# TU-3008G-20M vs SM-JDM1022V lathes HELP!!!!!



## Troy (Jan 15, 2019)

So i'm trying to decide between these two lathes. I really like the steelmaster from asset plant machinery but i'm worried it'll be a little too small- 550 centers and 250 swing and its only mt2 for example and some cutters i would like to buy start at mt3. so then I start looking at the bigger optimal lathe from hare and forbes, which i know not much about but it'll cost me more in the long run to get a dro put on it an the unit itself is more expensive. anyone out there have any experience with these models? that could help me out? and make a choice.


----------



## DJP (Jan 15, 2019)

I am not a fan of combination machines as you need to change the set up for each alternate usage. Do you not have space for a mill and a lathe?


----------



## Troy (Jan 15, 2019)

I have the space it’s more the bang for buck. I’m definitely still open to getting both but unsure of the hafco gear and worried the asset plant machine may be too small. I have my eyes on some steam engines to start with a small wobbler ect with which a lathe and mill would be beneficial and trying to save money thought I’d try a combo but I’m open to other suggestions.


----------



## goldstar31 (Jan 15, 2019)

DJP said:


> I am not a fan of combination machines as you need to change the set up for each alternate usage.
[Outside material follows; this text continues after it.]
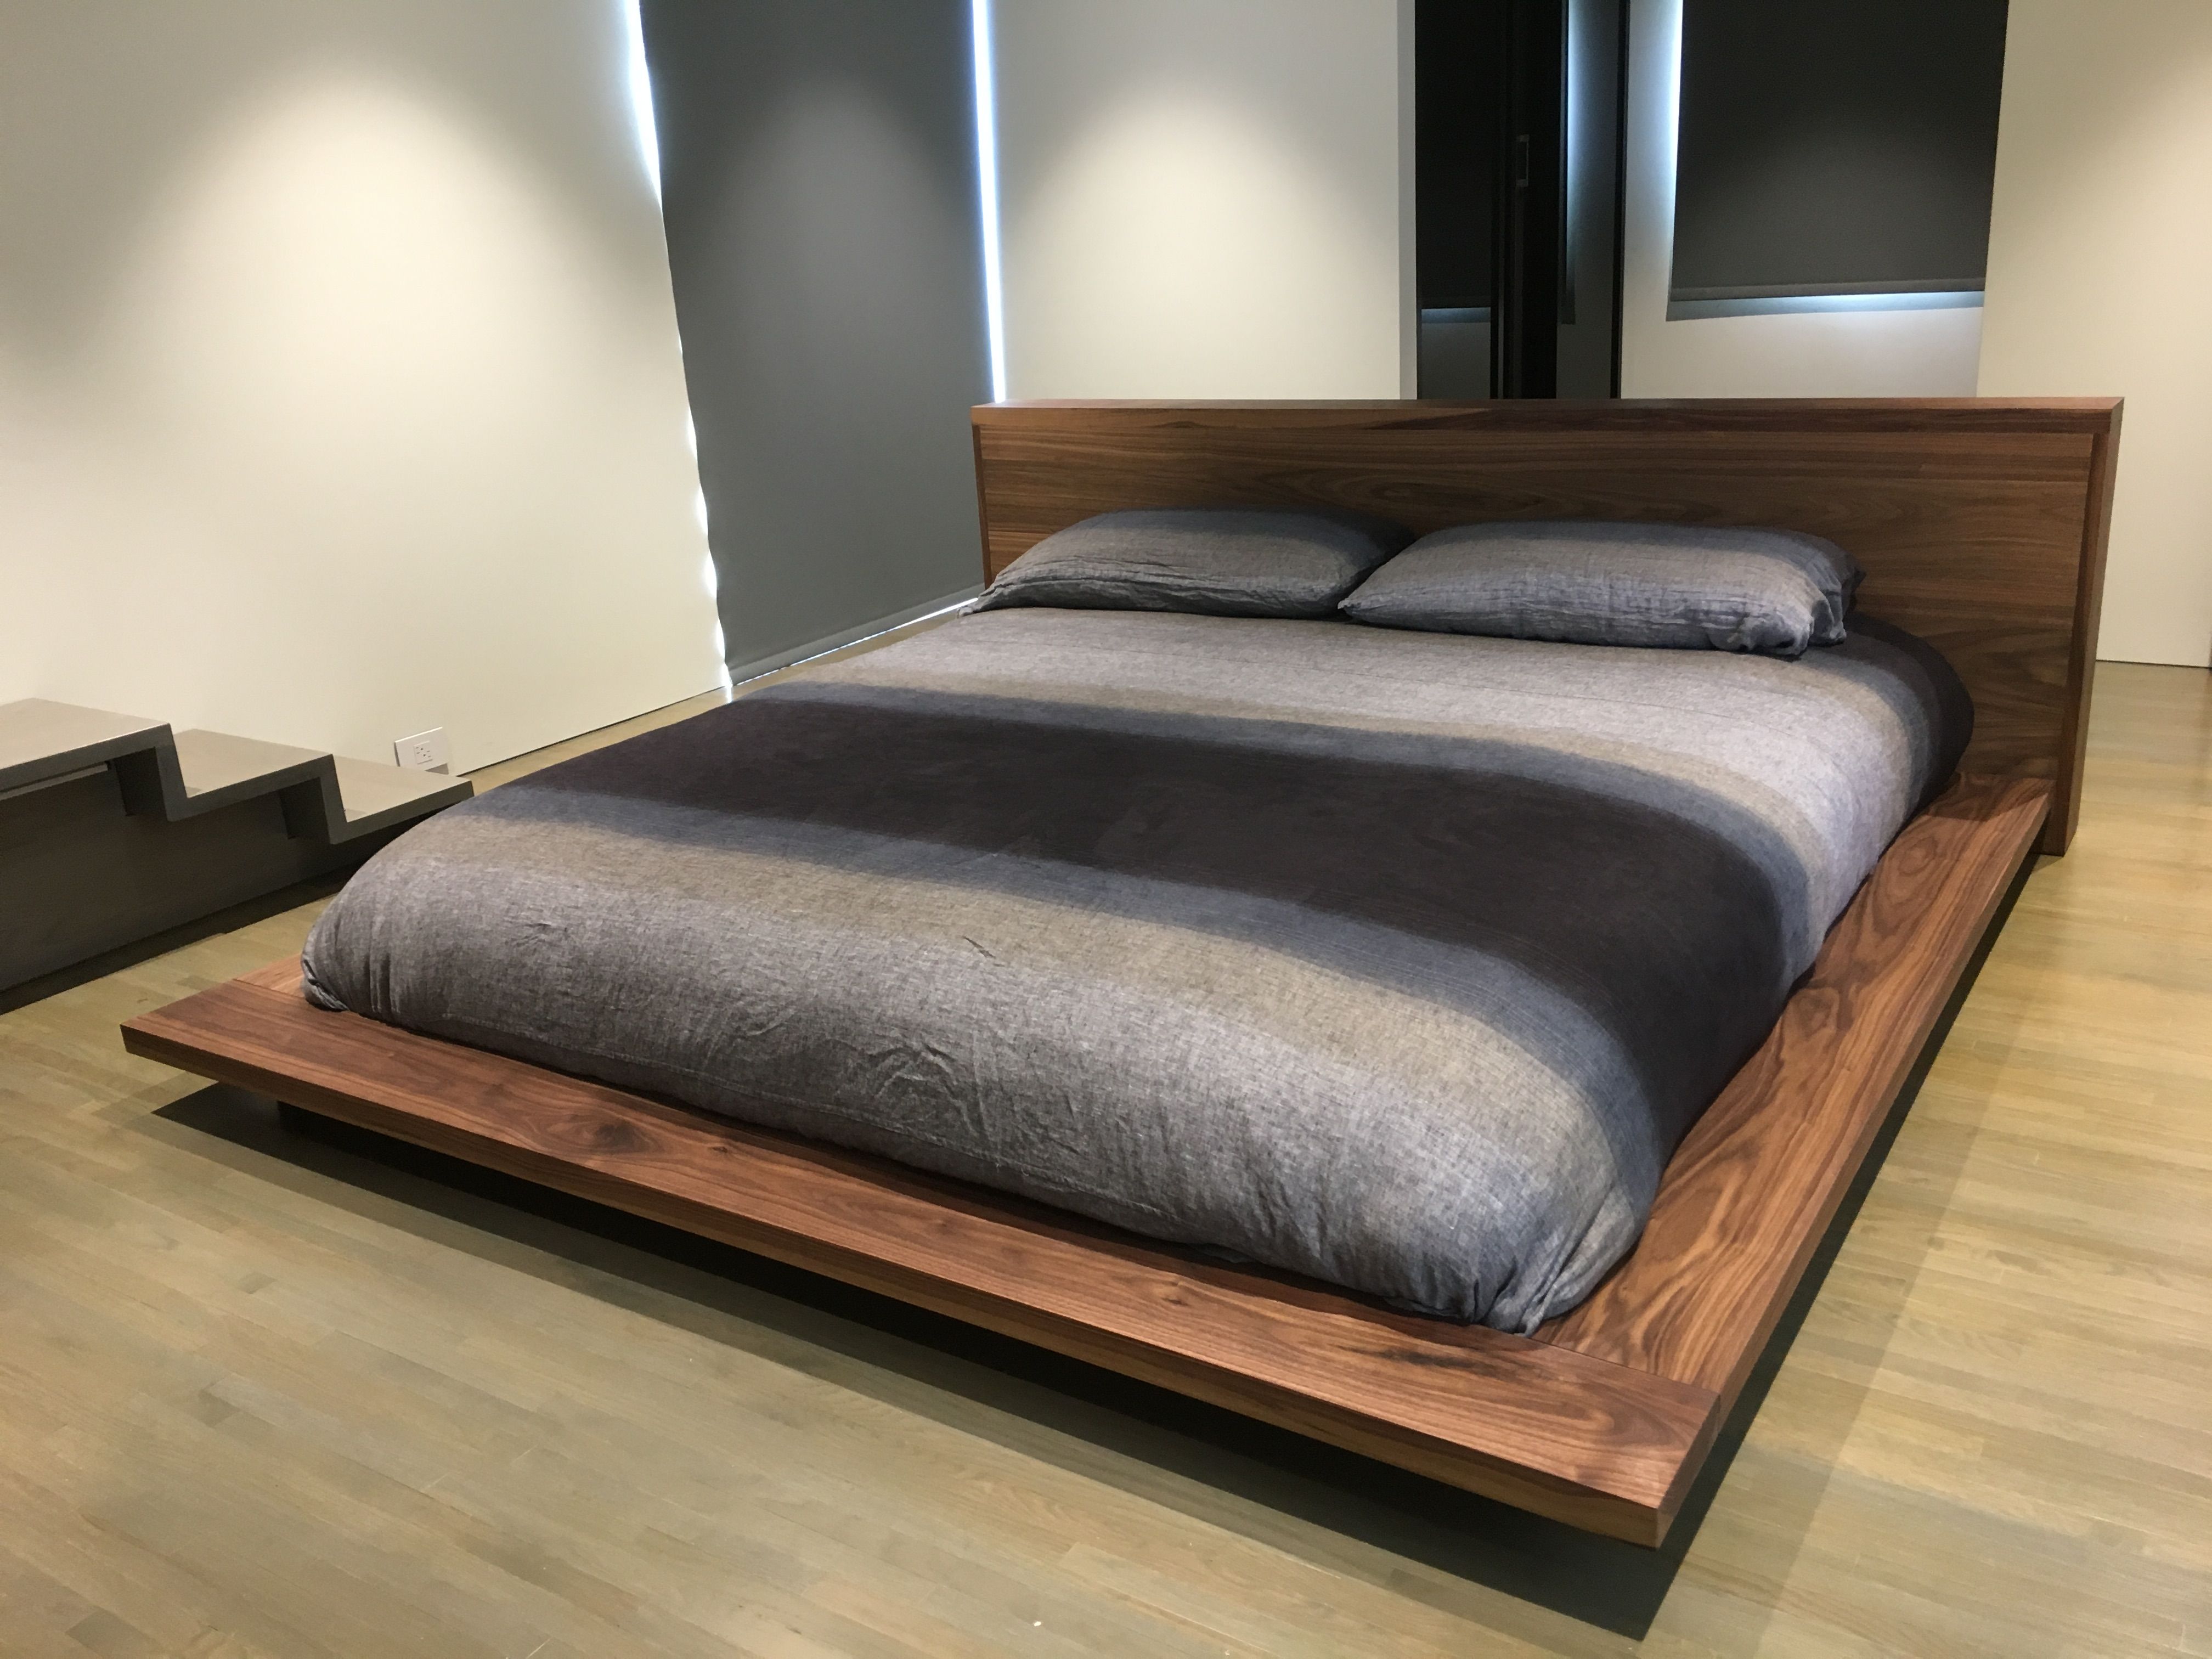 mattress for a platform bed

Do you not have space for a mill and a lathe?



I have a separate lathe and mill in my little workshop which out side in a shed but I also have a SiegC4 plus a powered vertical attachment  I appreciate having a facility in the warmth of my large bungalow   being old and sort of disabled . So I can offer a validated judgement from practical experience.
For someone who is a 'newbie', I would settle for the considerably easier two separate machines as a first choice.

The initial price starting up is minimal in comparison to what you will find useful and either you will have to make  or accept far larger secondary bills in further tooling.

I hope this is constructive

Norman


----------



## Troy (Jan 15, 2019)

Thanks Norman appreciate the reply can anyone out there suggest machines from hafco eg the tm 3008g optimum bench lathe as I don’t particularly want to spend 4K on a sub standard machine.


----------